This skill codifies production-ready authentication security standards for modern applications. It covers OAuth2 flows (authorization code with PKCE and client credentials), JWT best practices (RS256, short expirations, refresh rotation), MFA options (TOTP and WebAuthn), session management, and mapping to NIST 800-63B controls for compliance.

How this skill works

The skill inspects authentication architecture and provides concrete implementation patterns and code snippets to enforce standards: PKCE for public clients, RS256-signed JWTs with strict audience/issuer checks, short-lived access tokens and rotating refresh tokens, and secure cookie-based sessions.

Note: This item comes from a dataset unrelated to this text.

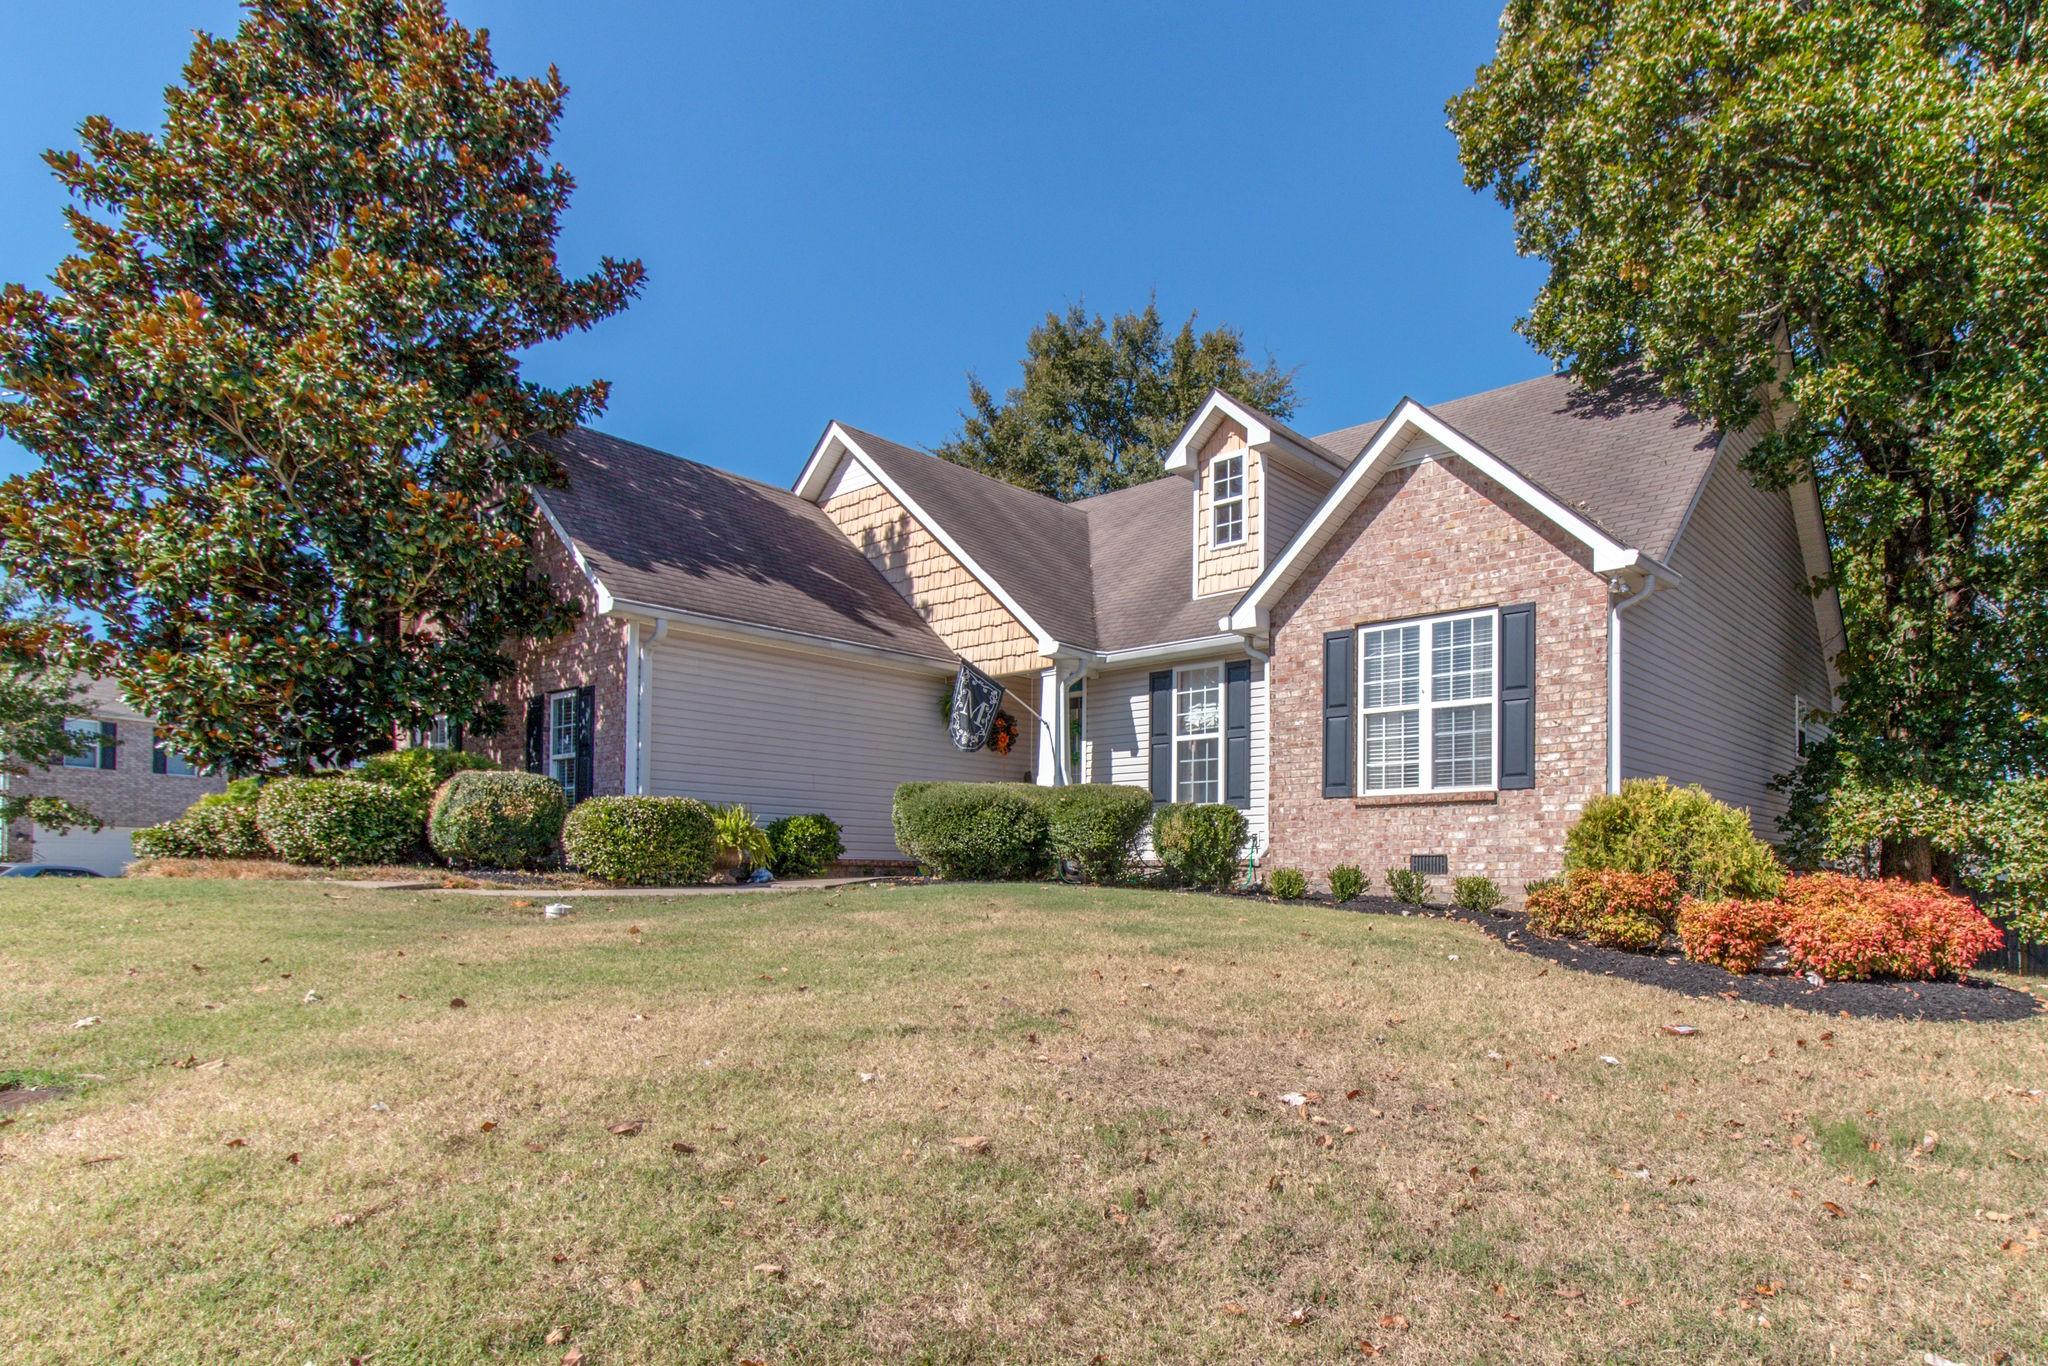 4037 Pineorchard Pl, Antioch, TN 37013 - Antioch, TN real estate listing
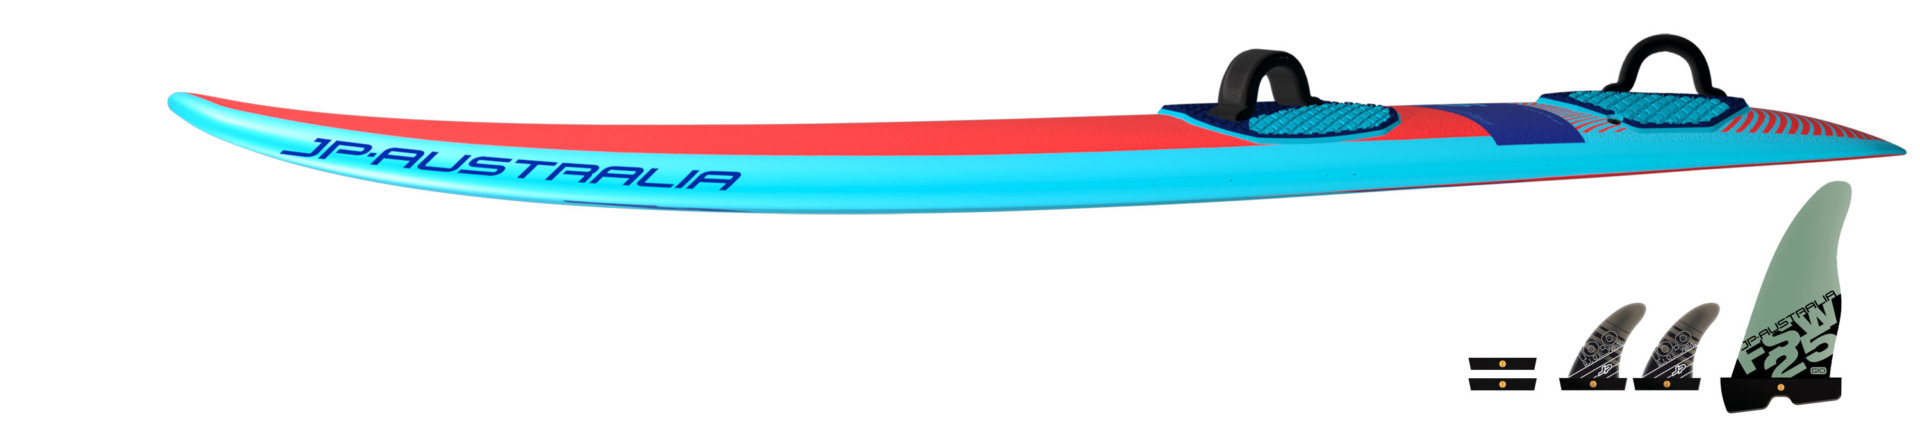 JP Australia Freestyle Wave LXT 2021 rail

It also includes MFA setup (TOTP provisioning, recovery codes) and WebAuthn registration/verification flows, plus session controls like absolute timeouts and concurrent session limits.

When to use it

  • When bootstrapping a new service that requires secure user authentication
  • When hardening an existing auth system for production or compliance (NIST 800-63B)
  • When implementing OAuth2 for SPAs, mobile apps, or service-to-service auth
  • When designing token strategies: access token lifetimes, refresh rotation, and JWT validation
  • When adding MFA (TOTP or hardware-backed WebAuthn) and secure session handling

Best practices

  • Always require MFA for sensitive operations and privileged accounts (TOTP or WebAuthn)
  • Sign JWTs using RS256 asymmetric keys; validate issuer, audience, algorithms, and expirations
  • Keep access tokens short (≈15 minutes) and use rotating refresh tokens stored in httpOnly, secure cookies
  • Use Authorization Code flow with PKCE for public clients; use client credentials for service-to-service
  • Configure session cookies with secure=true, httpOnly=true, sameSite=strict and enforce absolute session timeouts and lockouts after repeated failures

Example use cases

  • Implementing an OAuth2 login for a single-page application using PKCE and short access tokens
  • Issuing RS256 JWT access and refresh tokens with server-side rotation and audit logging
  • Adding TOTP-based MFA with QR provisioning and recovery code generation
  • Deploying WebAuthn to support hardware keys for phishing-resistant second factors
  • Enforcing session limits and absolute timeouts with a Redis-backed session store for web apps

FAQ

RS256 uses asymmetric keys so private signing keys stay on the auth server while public keys can be distributed to resource servers, avoiding shared secret leaks common with HS256.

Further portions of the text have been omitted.